No title

Started by andi astowoover 15 years ago5 messagesgeneral
Jump to latest
#1andi astowo
andi.astowo@ymail.com

At this oppurtinity we ask for your support to give us informations regarding
the bellow questionaires. First, how can we have our data of the Postgre 7
under Red Hat Linux 7.2 to be used by the Postgre 8 under RHEL 5?. Secondly, if
above condition need additional software or driver or converter Please advices
how can we get is urgently. Thank you Very much.

#2Phillip Smith
lists@fukawi2.nl
In reply to: andi astowo (#1)
Re:

On 5 August 2010 11:54, andi astowo <andi.astowo@ymail.com> wrote:

At this oppurtinity we ask for your support to give us informations regarding the bellow questionaires. First, how can we have our data of the Postgre 7 under Red Hat Linux 7.2 to be used by the Postgre 8 under RHEL 5?. Secondly, if above condition need additional software or driver or converter Please advices how can we get is urgently. Thank you Very much.

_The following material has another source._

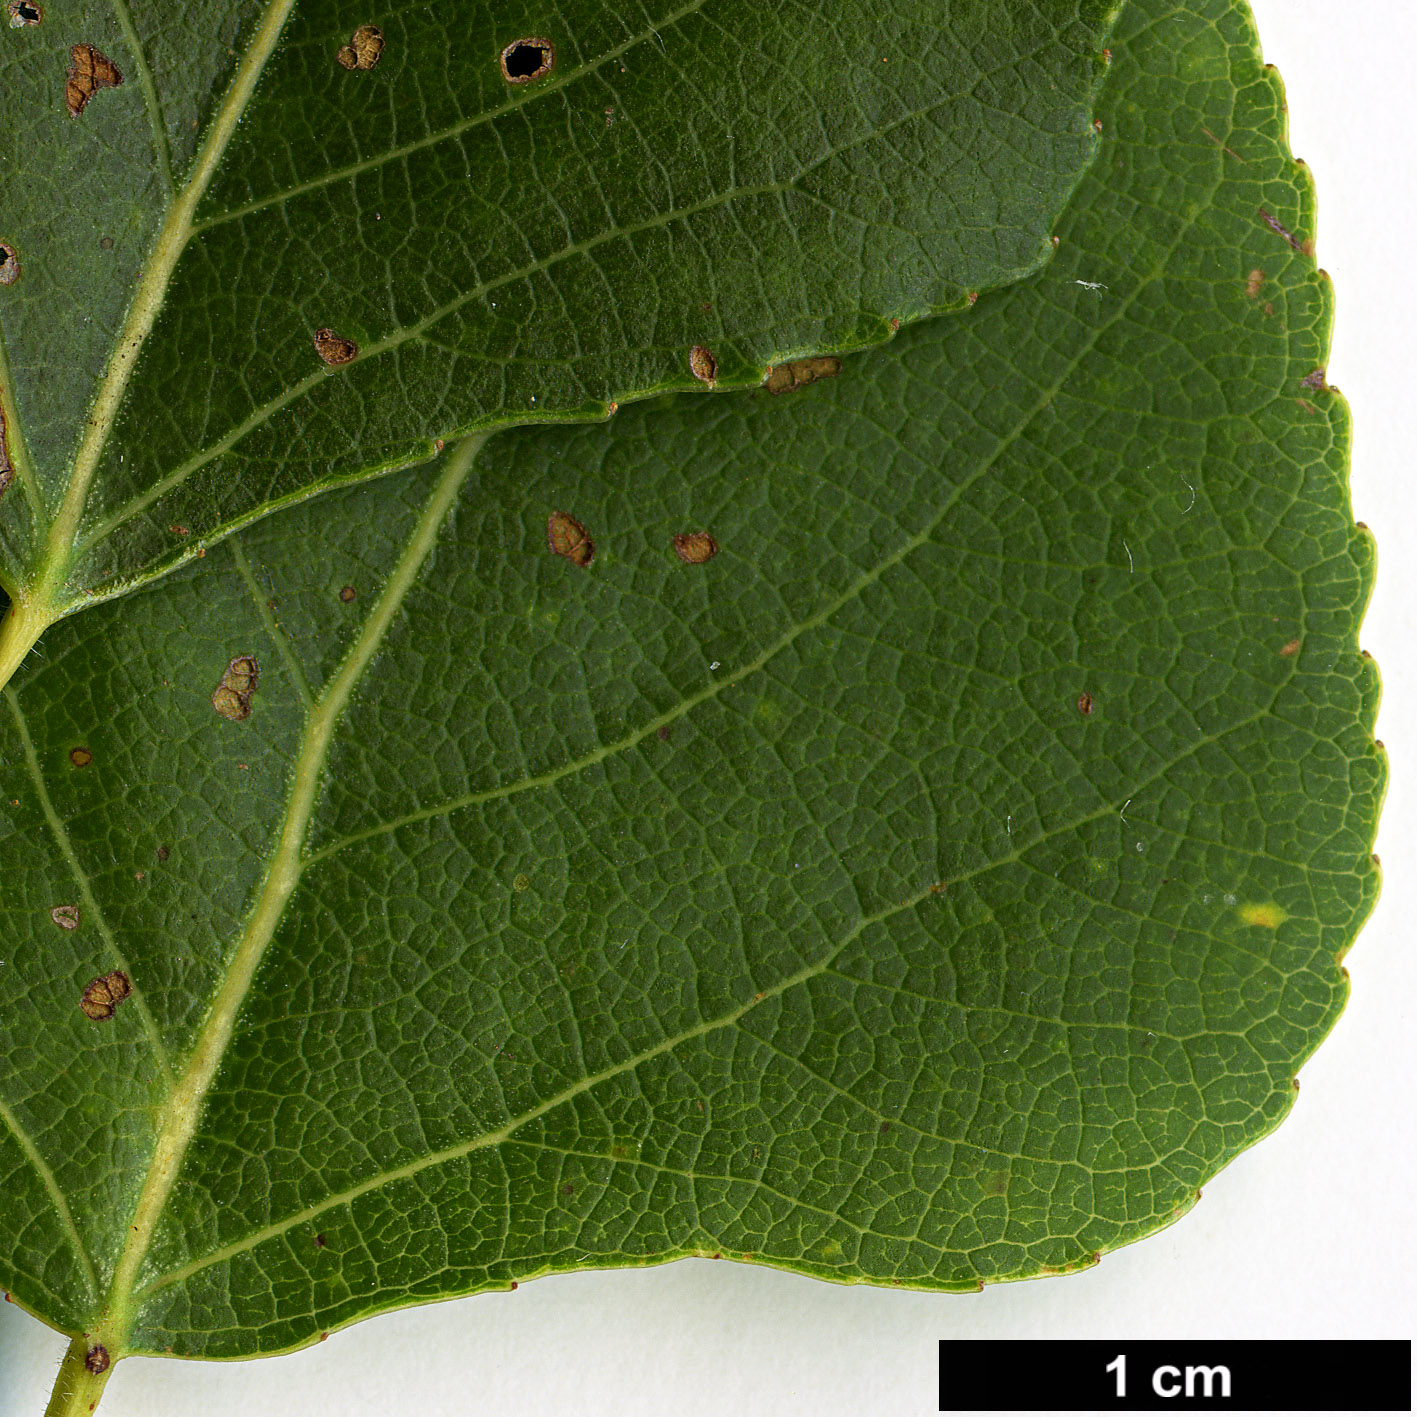 High resolution image: Family: Salicaceae - Genus: Populus - Taxon: nigra - SpeciesSub: subsp. betulifolia
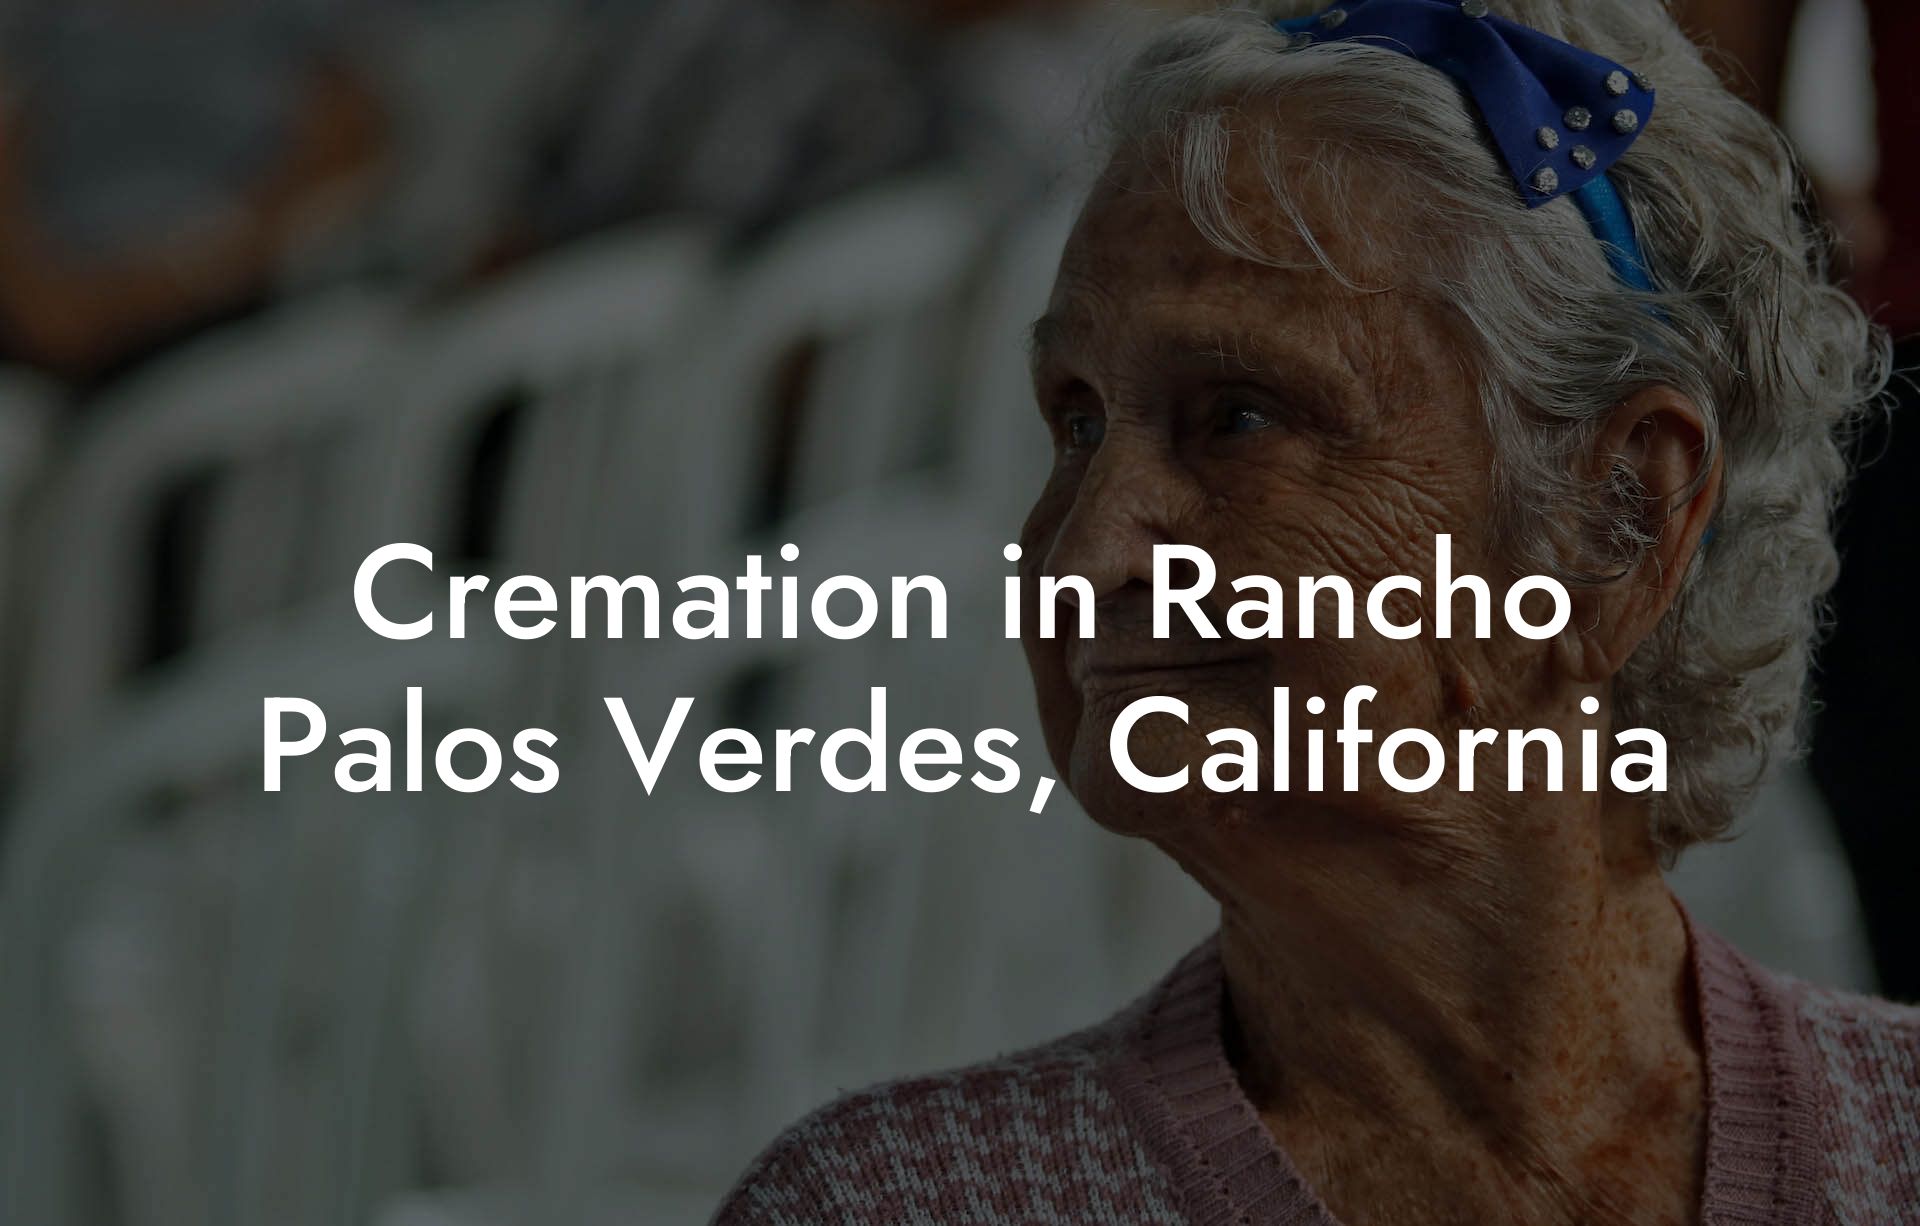 Cremation in Rancho Palos Verdes, California

The documentation covers the upgrading procedure between major versions:
http://www.postgresql.org/docs/current/interactive/install-upgrading.html

If you have any specific questions, let us know.

#3Scott Marlowe
scott.marlowe@gmail.com
In reply to: andi astowo (#1)
Re:

On Wed, Aug 4, 2010 at 7:54 PM, andi astowo <andi.astowo@ymail.com> wrote:

At this oppurtinity we ask for your support to give us informations
regarding the bellow questionaires. First, how can we have our data of the
Postgre 7 under Red Hat Linux 7.2 to be used by the Postgre 8 under RHEL 5?.
Secondly, if above condition need additional software or driver or converter
Please advices how can we get is urgently. Thank you Very much.

Well, that's a pretty big step up. Are you running 7.0, 7.1, 7.2,
7.3, or 7.4? Do you want to go to 8.0, 8.1, 8.2, 8.3 or 8.4?

The normally recommended procedure is to bring up a new machine while
leaving the old one up. So, you'll have a new machine running RHEL
5.latest with PostgreSQL 8.4.4. Your old machine would be running
whatever old 7.x version you have. Then you would use pg_dump from
the 8.4.4 postgresql install to dump the db from the 7.x db.
Something like this:

ssh centos5machine
createdb mydb
pg_dump -h rh72 mydb | psql mydb

However, with that big of a gap of versions, you might run into some
problems. Try it and let us know how far you can get. Note you may
need to edit postgresql.conf for listen address, and pg_hba.conf, both
on the old machine, to be able to connect.

--
To understand recursion, one must first understand recursion.

#4Scott Marlowe
scott.marlowe@gmail.com
In reply to: andi astowo (#1)
Re:

On Thu, Aug 5, 2010 at 10:00 PM, andi astowo <andi.astowo@ymail.com> wrote:

Well, that's a pretty big step up.  Are you running 7.0, 7.1, 7.2,
7.3, or 7.4?  Do you want to go to 8.0, 8.1, 8.2, 8.3 or 8.4?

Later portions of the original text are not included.